== Given material ==
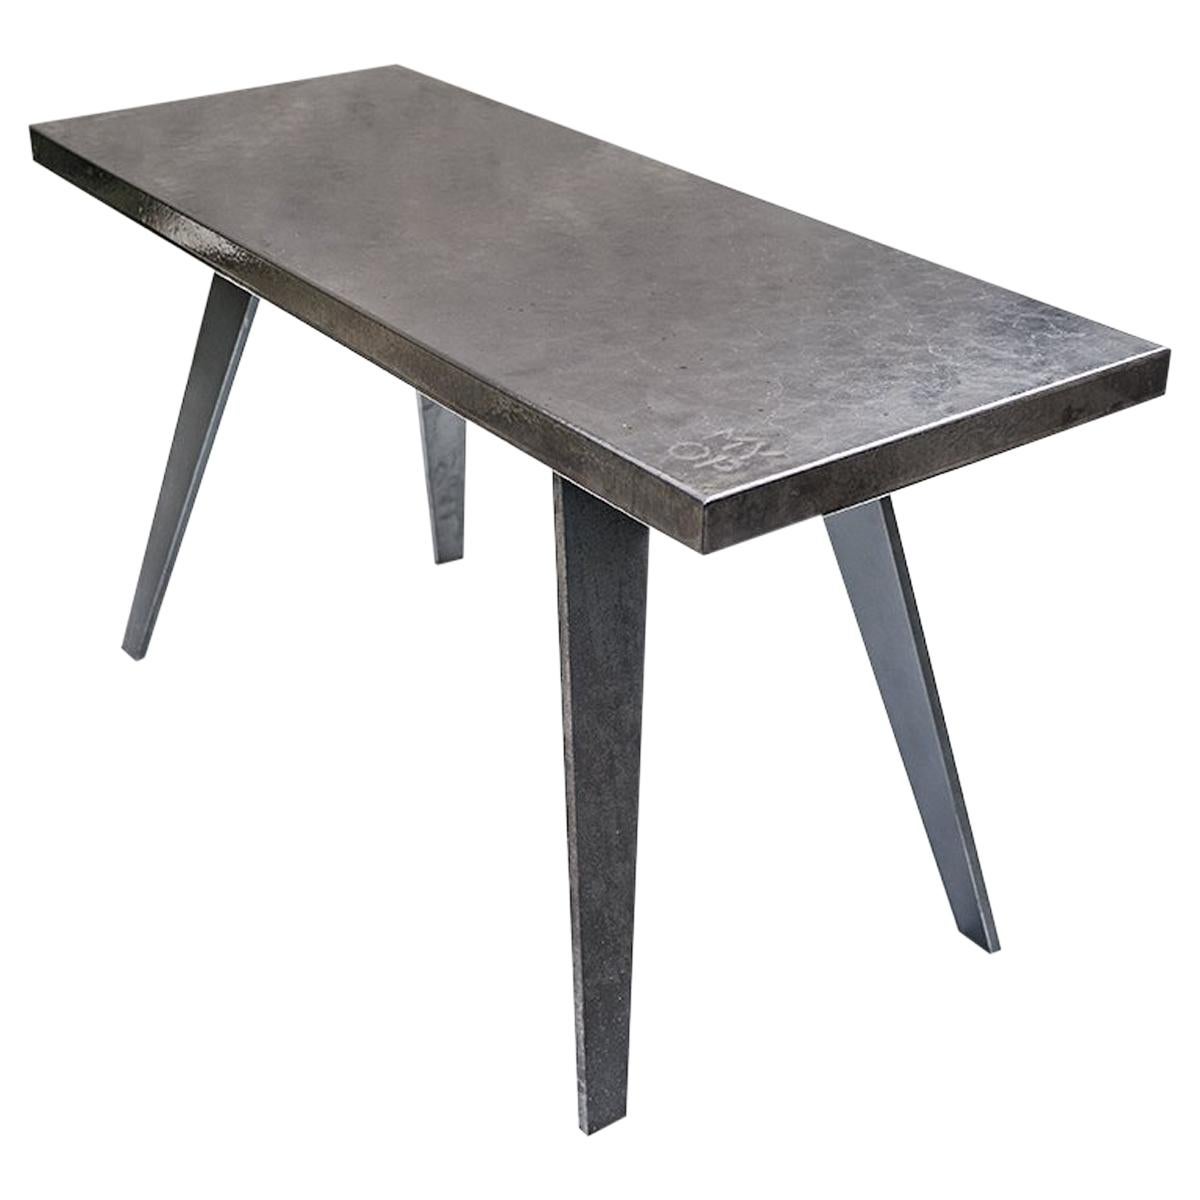 Outdoor Bench in Etna Lava Stone and Steel, Venturae V4, Filodifumo For Sale
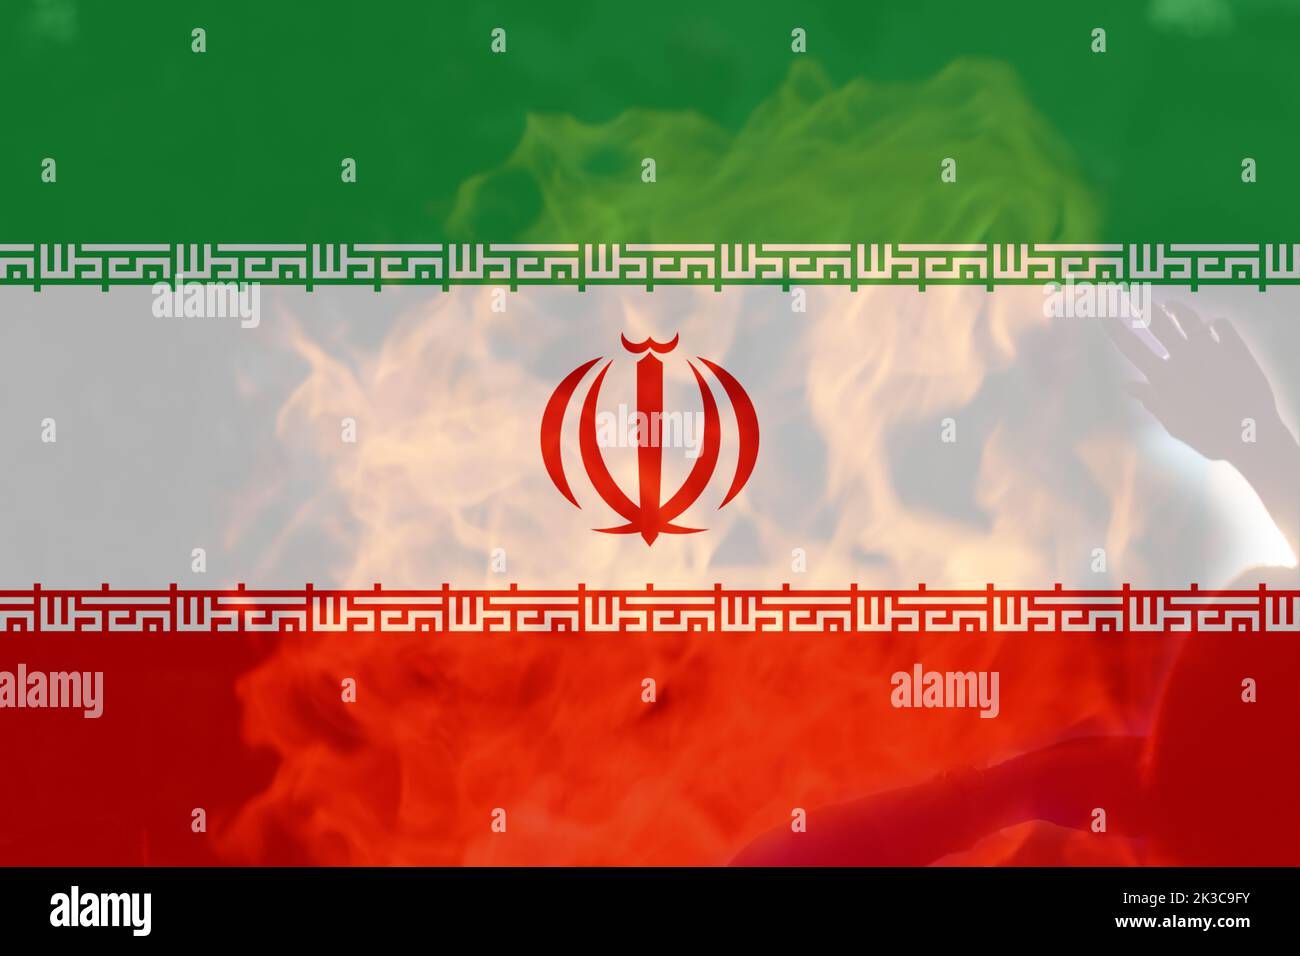 Defocus protest in Iran. Conflict war over border. Country flag. Woman low rights. Male hands. Iranian women. Violence Iran. Fire, flame. Out of focus Stock Photo
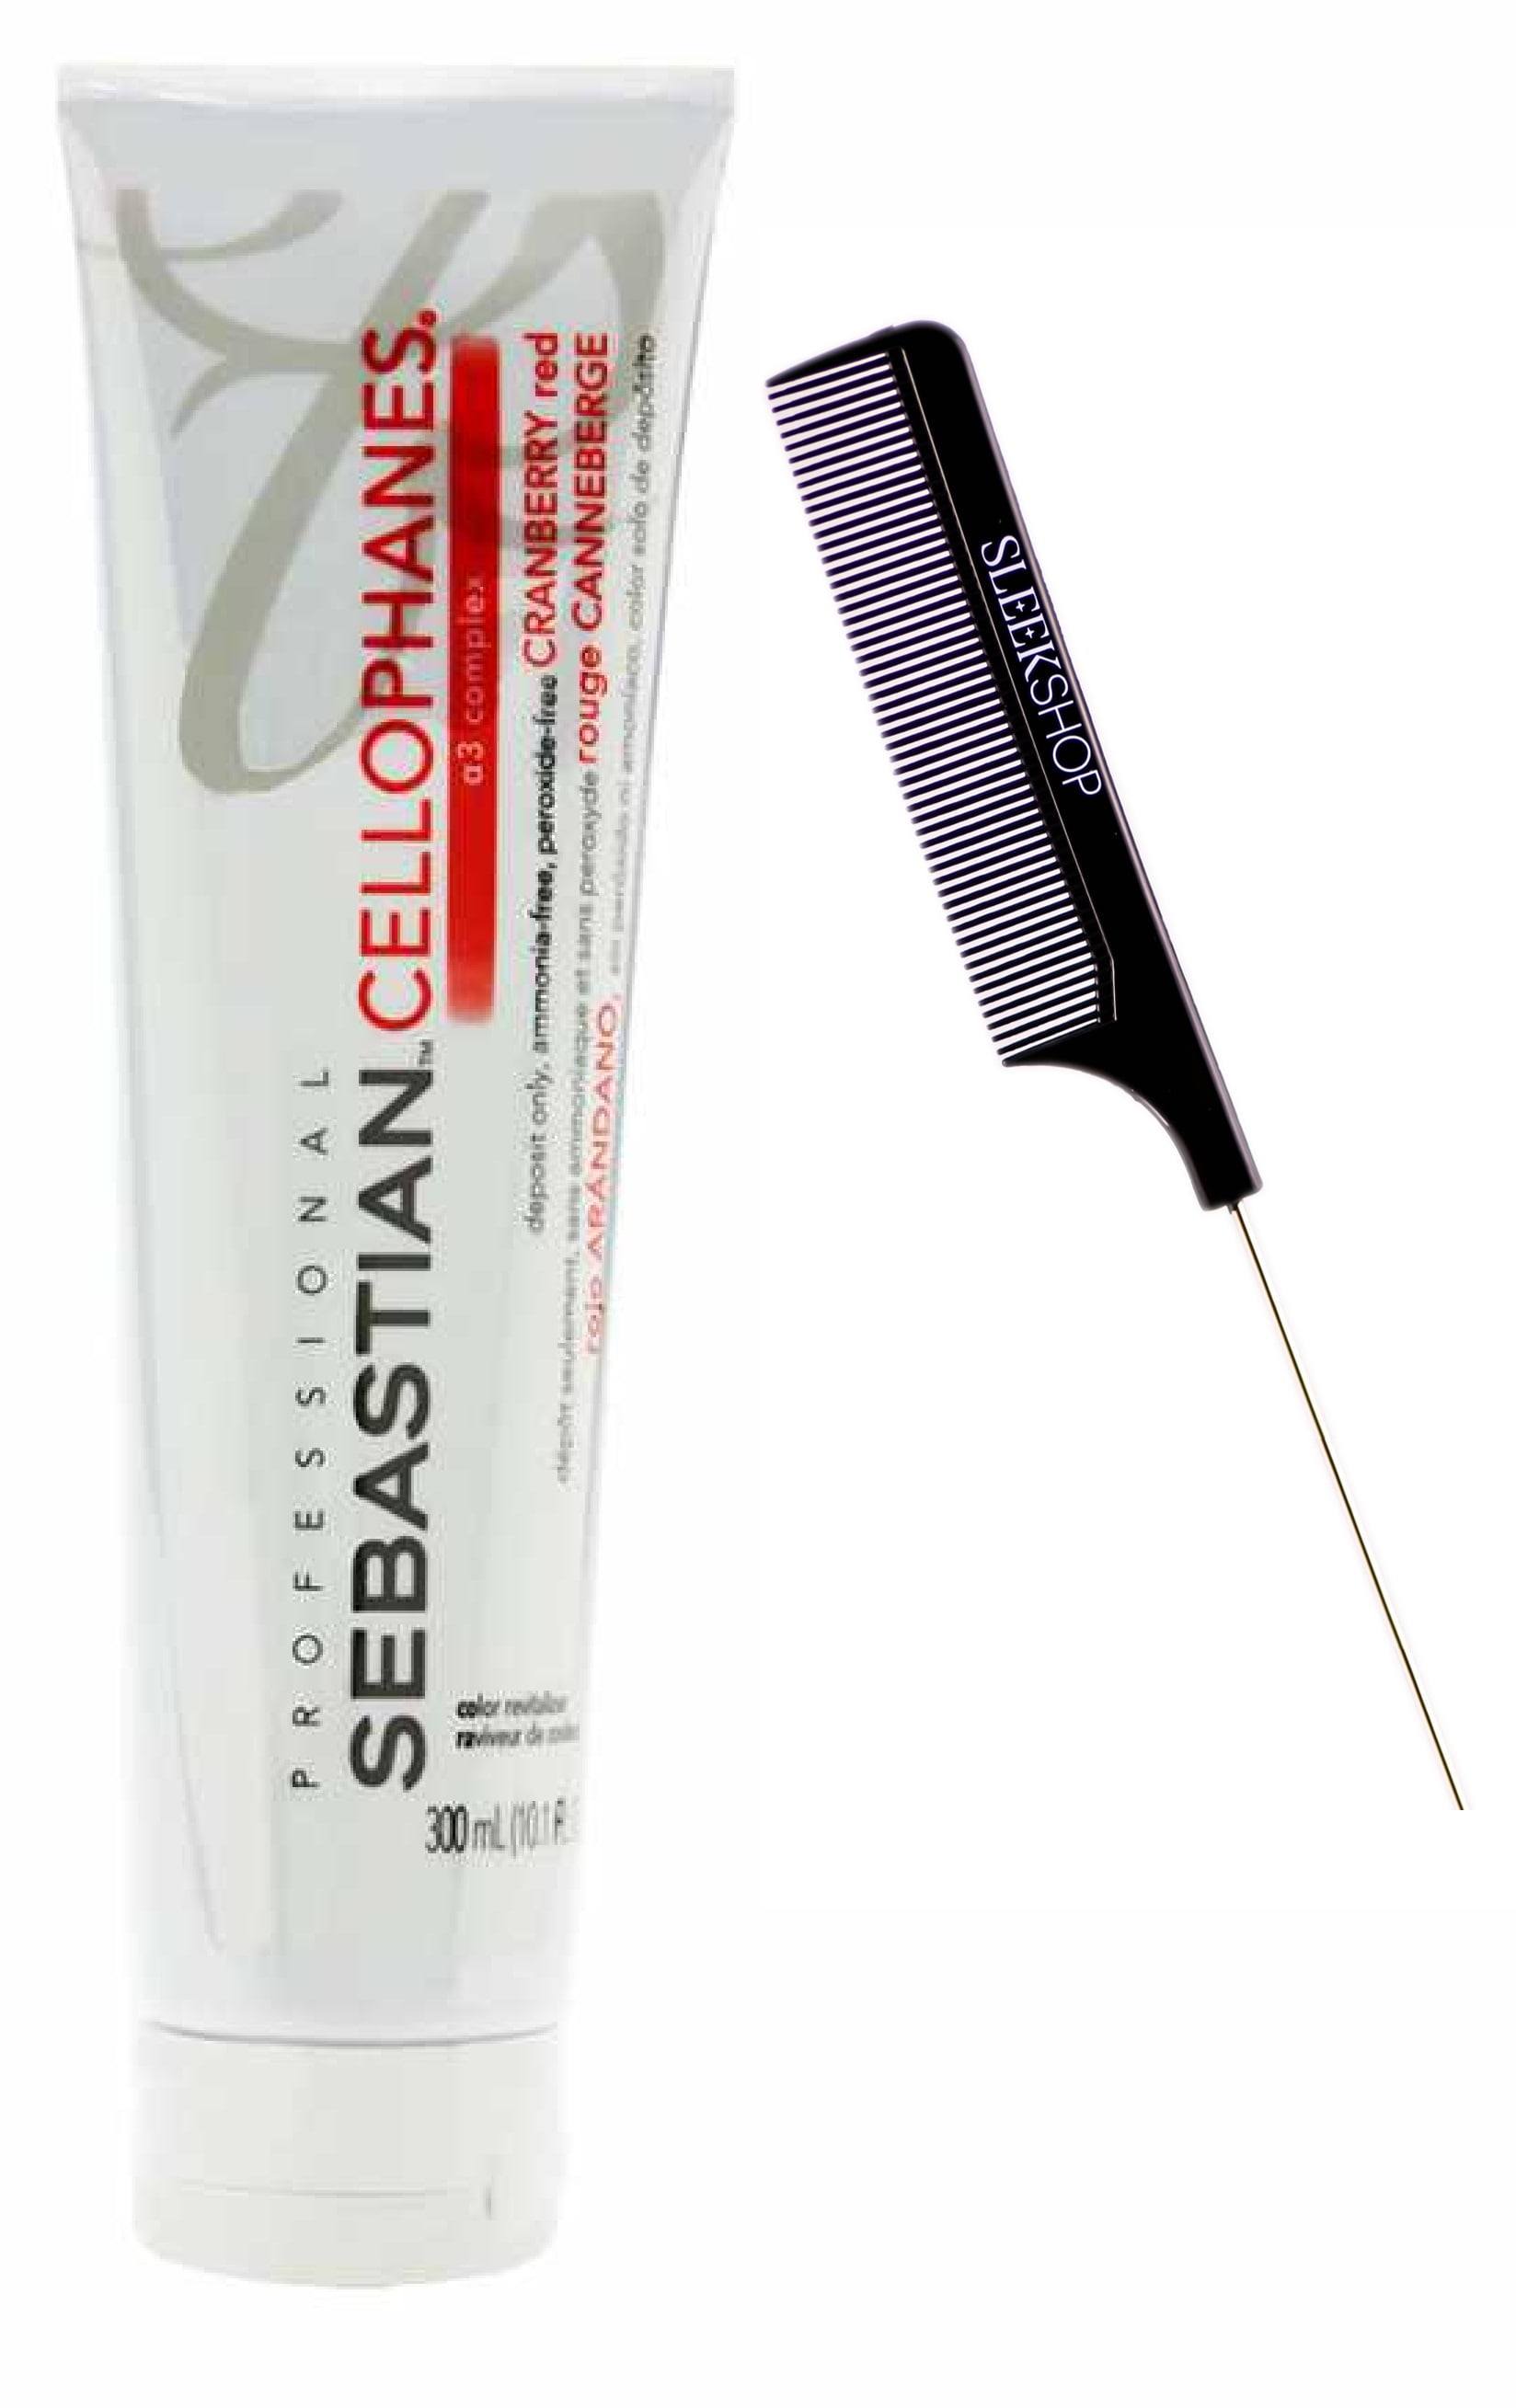 Sebastian CELLOPHANES, Hair Color Revitalizer A3 Complex Conditioner,  Deposit Only, Ammonia-Free, Peroxide-Free (w/ Sleek Comb) Sebastion  Haircolor Dye (CHOCOLATE BROWN  oz / 300 ml)
===
Whenever you reach a picture, pass over it; print all the other material exactly.

* **Solved exercise**:
 Outdoor Bench in Etna Lava Stone and Steel, Venturae V4, Filodifumo For Sale
 Defocus protest in Iran. Conflict war over border. Country flag. Woman low rights. Male hands. Iranian women. Violence Iran. Fire, flame. Out of focus Stock Photo
 Sebastian CELLOPHANES, Hair Color Revitalizer A3 Complex Conditioner,  Deposit Only, Ammonia-Free, Peroxide-Free (w/ Sleek Comb) Sebastion  Haircolor Dye (CHOCOLATE BROWN  oz / 300 ml)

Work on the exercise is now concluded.